There are several missing categories, like engineering, math. . .and music. Dylan received his Nobel in literature in 2016. In 2015 the recipient was Svetlana Alexievich, a journalist who was born in Ukraine and lives in Belarus; in her work she has criticized the regimes in the then-Soviet Union and Belarus. In 2017 the recipient was Kazuo Ishiguro, who was born in Japan, raised in the U.K.; the novelist received the prize because, according to the committee, his work “uncovered the abyss beneath our illusory sense of connection with the world.”

Dylan? “[F]or having created new poetic expressions within the great American song tradition.”

The Philosophy of Modern Song is not Dylan’s first book. There were Tarantula, a book of poetry, in 1993 and Chronicles: Volume One, a book of personal reflections, in 2004. There have also been a number of books carrying his name, whether children’s books that illustrators have adapted his lyrics in, or collections of his lyrics.

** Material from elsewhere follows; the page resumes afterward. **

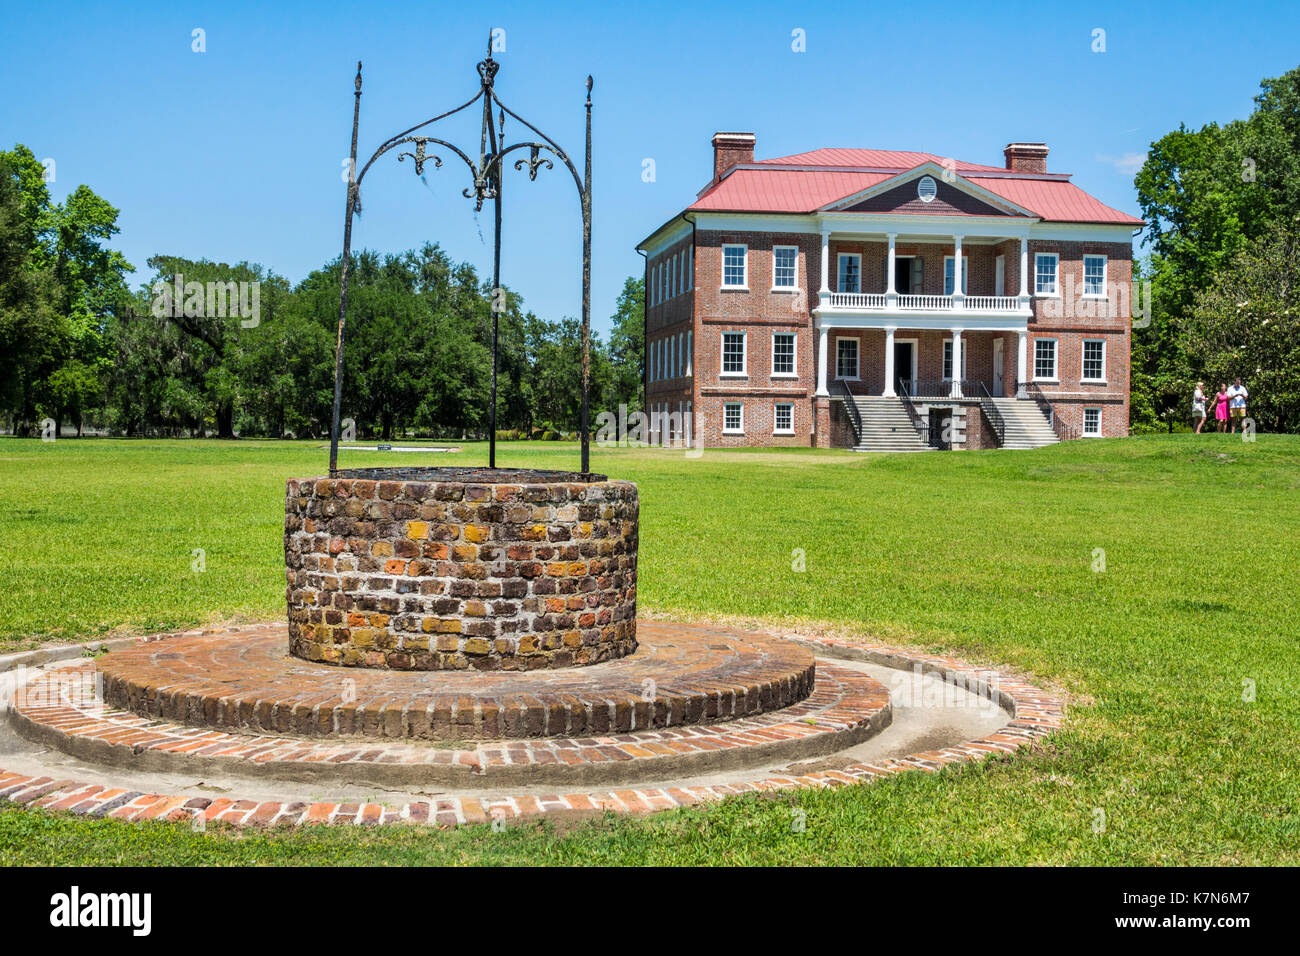 Charleston South Carolina, Drayton Hall, historische Plantage, Erhaltung, palladianische Architektur, Ziegelwasserbrunnen, SC170514234 Stockfoto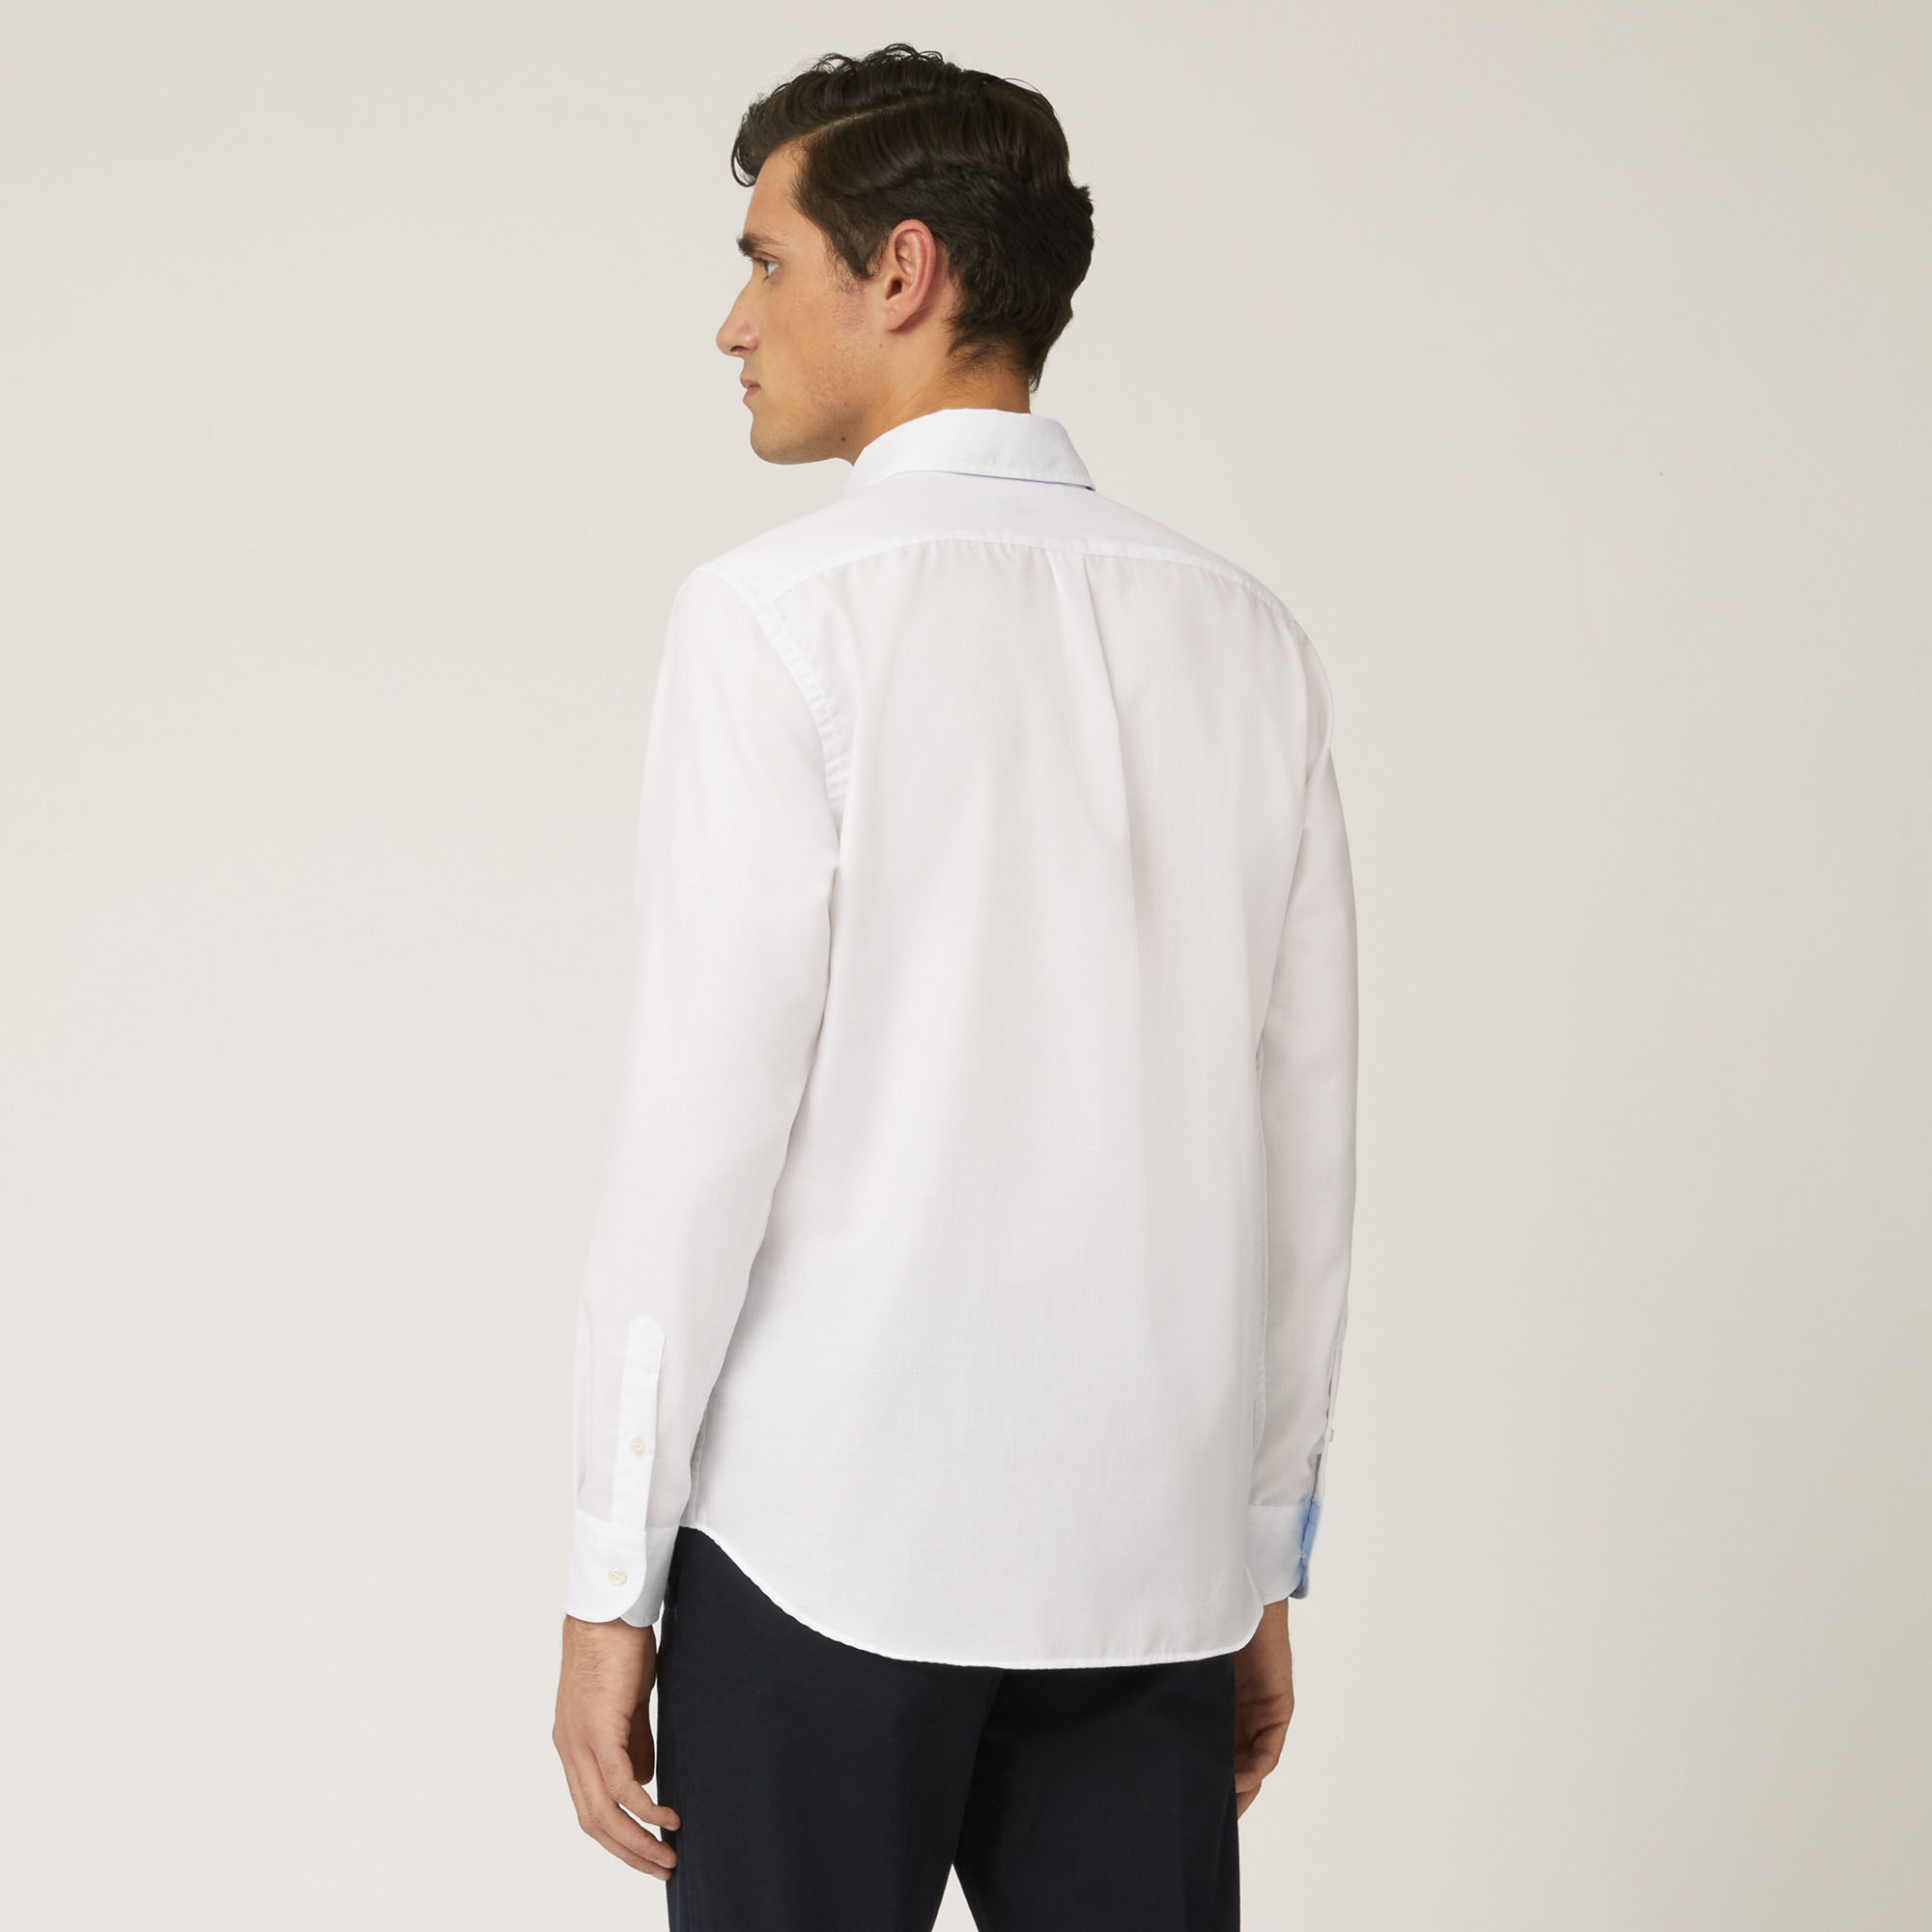 Camicia Con Interni A Contrasto, Bianco, large

The Philosophy of Modern Song has become controversial of late not because of, well, the philosophy, but because publisher Simon & Schuster offered 900 limited-edition versions of the book that were said to be hand-autographed by Dylan. The signed versions of the $45.00 book were marked up to $599. Turns out that Dylan didn’t sign them. Which brings to mind that existentialist Jean-Paul Sartre was named the 1964 Nobel recipient in literature in 1964. Being the good philosopher of existence that he was, he didn’t accept the prize.*

Simon & Schuster fessed up and is refunding the monies to those who paid.